DATA FOR THIS TASK:
┌──

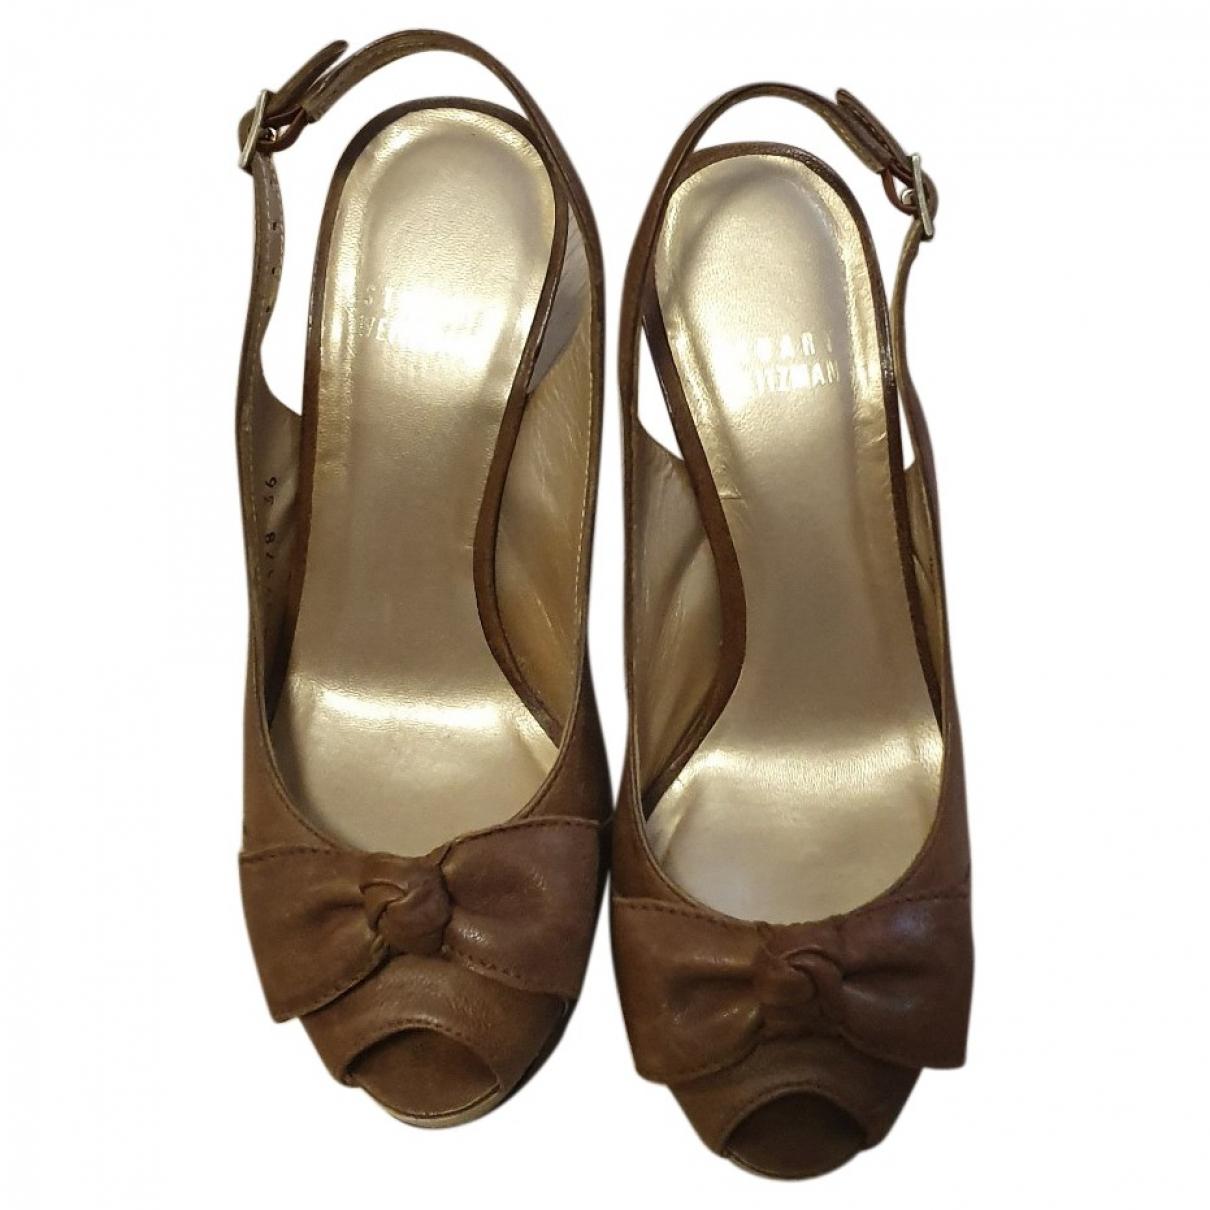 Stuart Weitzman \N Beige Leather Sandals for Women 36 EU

└──
┌──

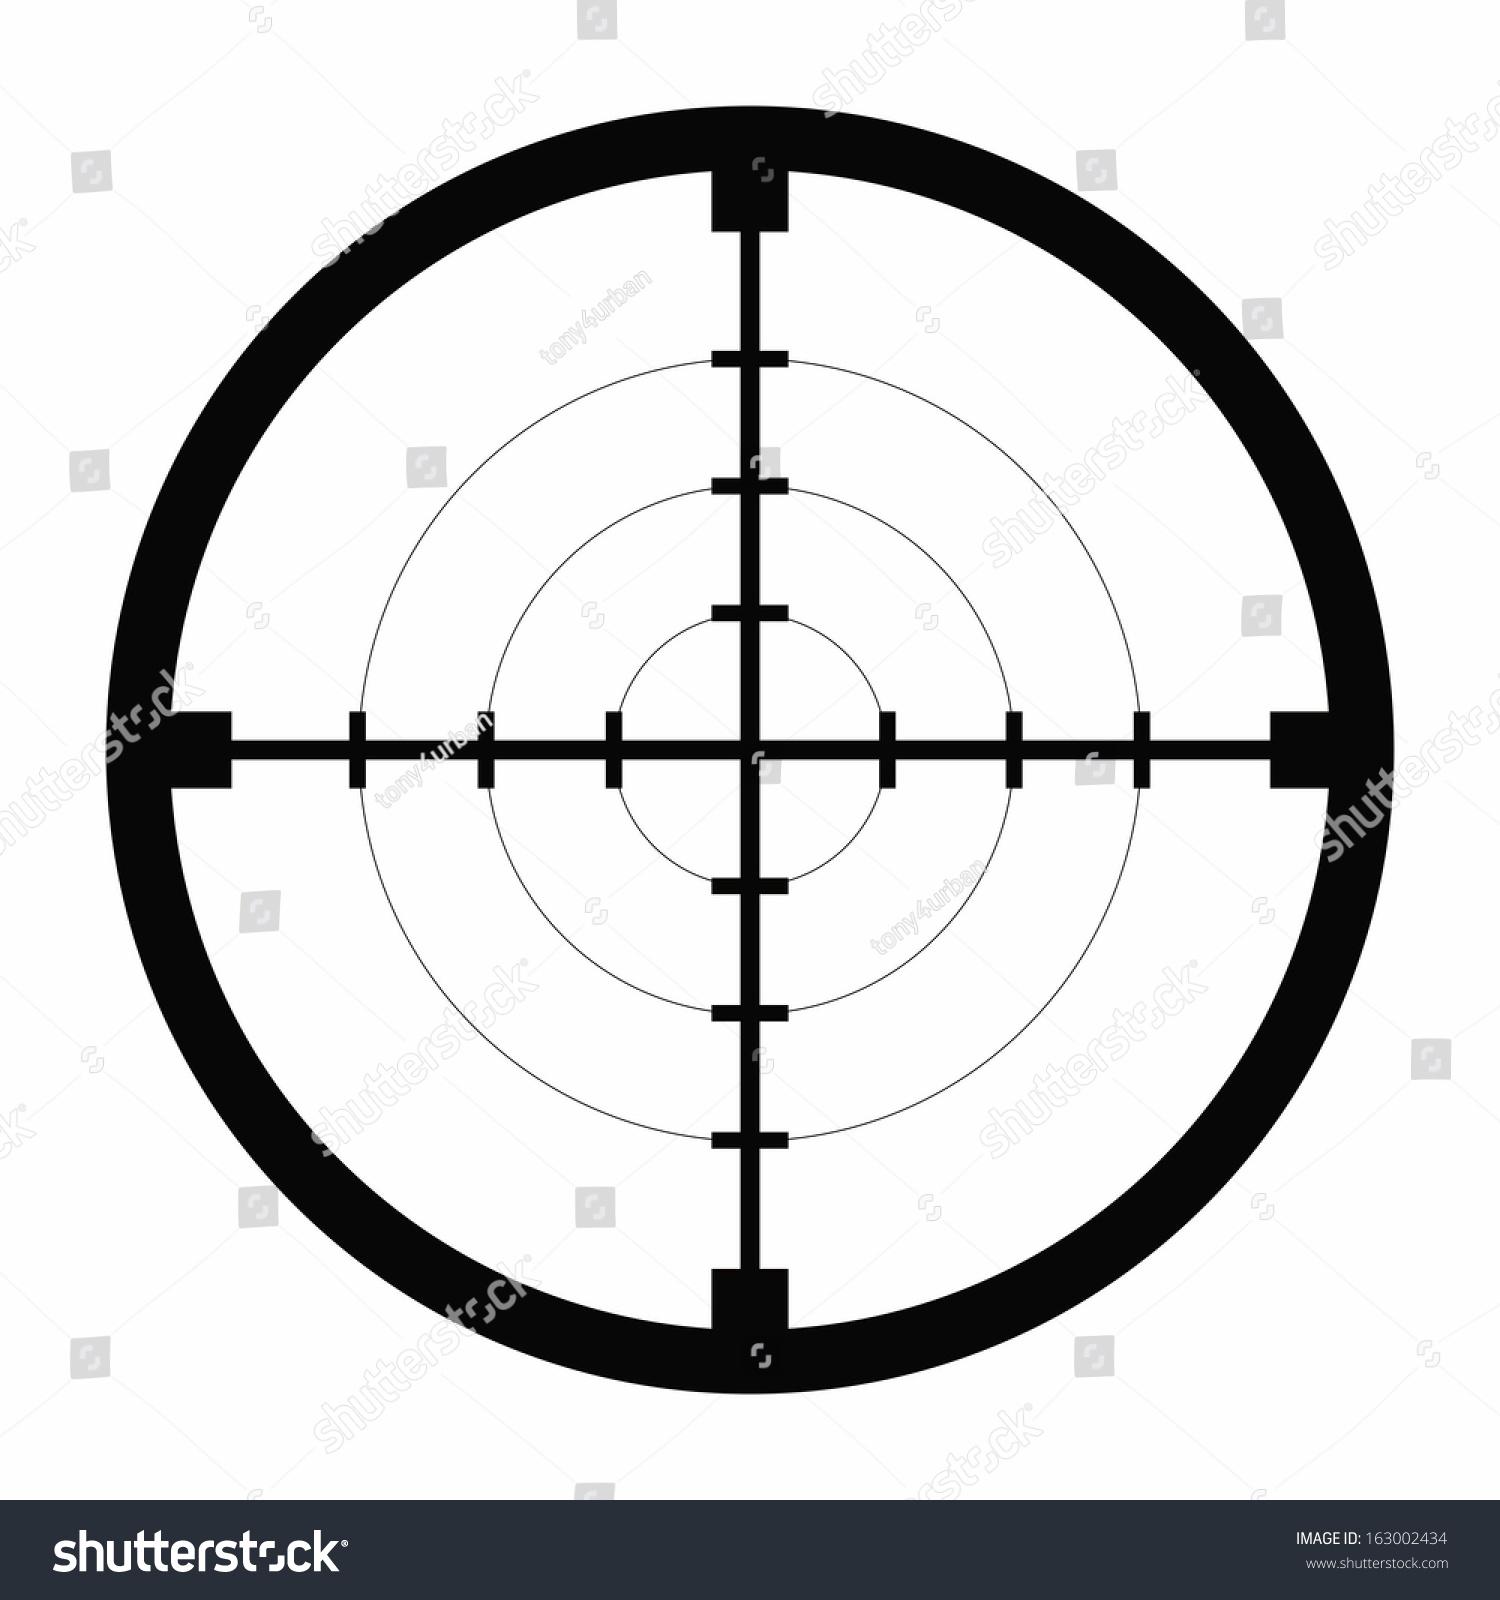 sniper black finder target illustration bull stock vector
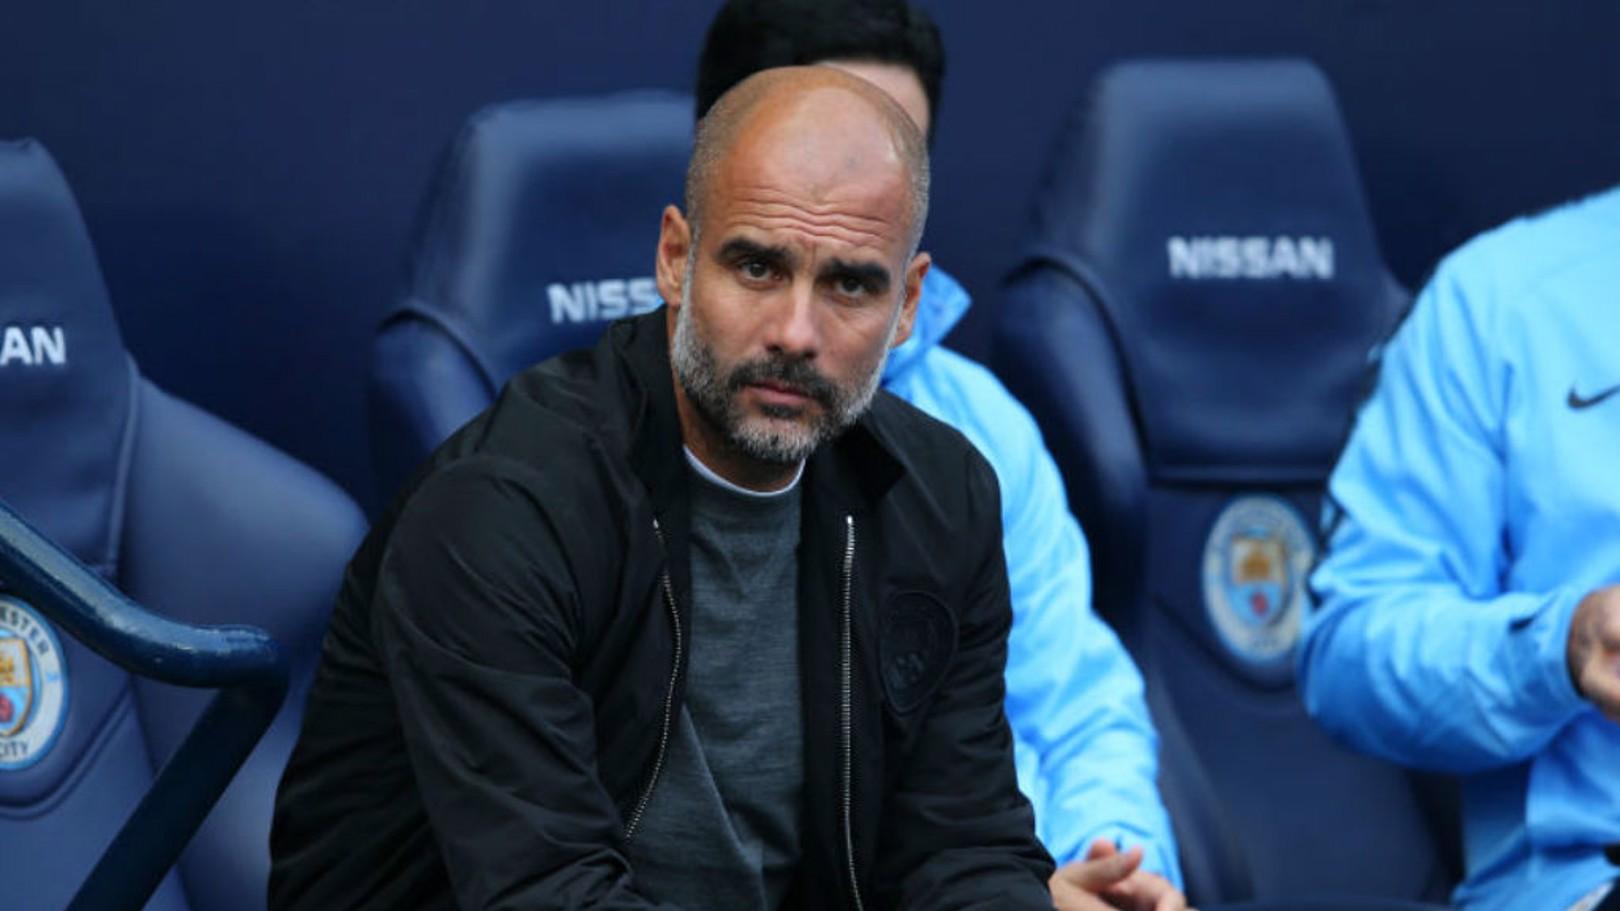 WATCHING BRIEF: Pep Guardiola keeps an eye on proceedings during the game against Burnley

└──
┌──

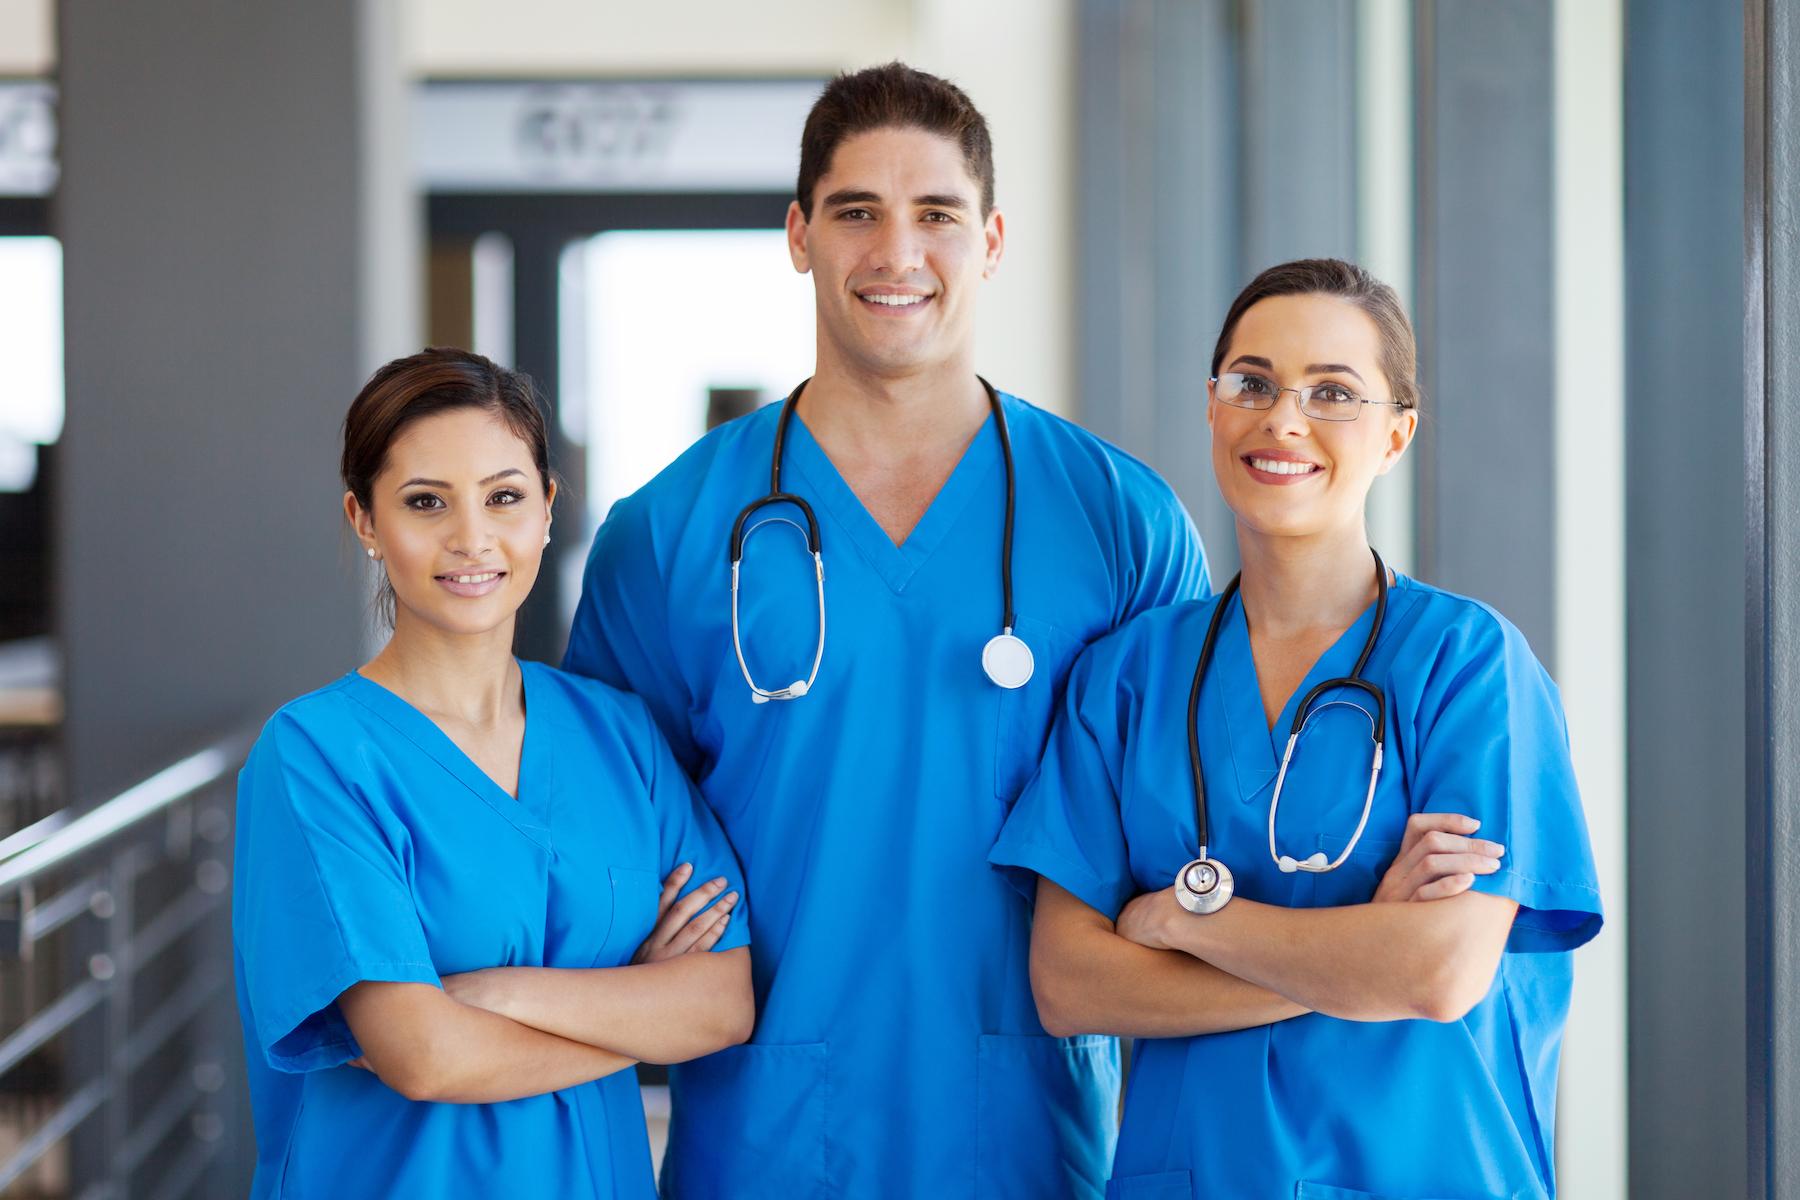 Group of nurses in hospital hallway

└──

INSTRUCTIONS FOR THE TASK: Above are the records. Copy only the lines from the one with "sniper black finder" through the one with "WATCHING BRIEF: Pep", exactly, with no pictures.

RESPONSE FOR THIS EXERCISE:
 sniper black finder target illustration bull stock vector
 WATCHING BRIEF: Pep Guardiola keeps an eye on proceedings during the game against Burnley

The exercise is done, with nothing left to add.